● Problem to work on:
In the material below, find the line containing "Set of four chefs - 23 EPS" and the line containing "Tensei Shitara Slime", then reproduce exactly both of them and every line between, and nothing else.

-------- Material to process

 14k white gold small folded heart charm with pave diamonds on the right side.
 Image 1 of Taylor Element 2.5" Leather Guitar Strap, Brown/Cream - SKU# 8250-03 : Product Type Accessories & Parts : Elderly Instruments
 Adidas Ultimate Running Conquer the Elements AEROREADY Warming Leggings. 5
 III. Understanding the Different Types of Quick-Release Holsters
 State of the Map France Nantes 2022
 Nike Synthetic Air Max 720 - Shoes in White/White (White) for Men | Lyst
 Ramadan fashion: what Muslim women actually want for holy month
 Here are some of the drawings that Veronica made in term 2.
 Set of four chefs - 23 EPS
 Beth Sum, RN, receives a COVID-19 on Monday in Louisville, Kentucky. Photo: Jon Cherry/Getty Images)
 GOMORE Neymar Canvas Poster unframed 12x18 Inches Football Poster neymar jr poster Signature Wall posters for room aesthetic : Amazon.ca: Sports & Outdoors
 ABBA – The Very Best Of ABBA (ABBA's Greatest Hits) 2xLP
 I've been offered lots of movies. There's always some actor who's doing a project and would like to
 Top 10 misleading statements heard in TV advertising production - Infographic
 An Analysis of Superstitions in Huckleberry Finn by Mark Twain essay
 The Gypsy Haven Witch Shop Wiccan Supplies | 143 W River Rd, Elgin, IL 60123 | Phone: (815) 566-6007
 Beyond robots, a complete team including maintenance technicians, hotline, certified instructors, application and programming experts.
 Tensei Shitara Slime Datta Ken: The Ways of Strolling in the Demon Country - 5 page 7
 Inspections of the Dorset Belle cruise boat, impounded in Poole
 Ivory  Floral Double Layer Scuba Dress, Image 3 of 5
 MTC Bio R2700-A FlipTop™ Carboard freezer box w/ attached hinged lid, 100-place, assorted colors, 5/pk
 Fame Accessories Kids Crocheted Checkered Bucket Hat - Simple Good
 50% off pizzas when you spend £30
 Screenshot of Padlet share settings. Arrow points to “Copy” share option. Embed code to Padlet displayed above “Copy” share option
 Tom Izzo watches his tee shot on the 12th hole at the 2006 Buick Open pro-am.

----------------

● Task answer:
 Set of four chefs - 23 EPS
 Beth Sum, RN, receives a COVID-19 on Monday in Louisville, Kentucky. Photo: Jon Cherry/Getty Images)
 GOMORE Neymar Canvas Poster unframed 12x18 Inches Football Poster neymar jr poster Signature Wall posters for room aesthetic : Amazon.ca: Sports & Outdoors
 ABBA – The Very Best Of ABBA (ABBA's Greatest Hits) 2xLP
 I've been offered lots of movies. There's always some actor who's doing a project and would like to
 Top 10 misleading statements heard in TV advertising production - Infographic
 An Analysis of Superstitions in Huckleberry Finn by Mark Twain essay
 The Gypsy Haven Witch Shop Wiccan Supplies | 143 W River Rd, Elgin, IL 60123 | Phone: (815) 566-6007
 Beyond robots, a complete team including maintenance technicians, hotline, certified instructors, application and programming experts.
 Tensei Shitara Slime Datta Ken: The Ways of Strolling in the Demon Country - 5 page 7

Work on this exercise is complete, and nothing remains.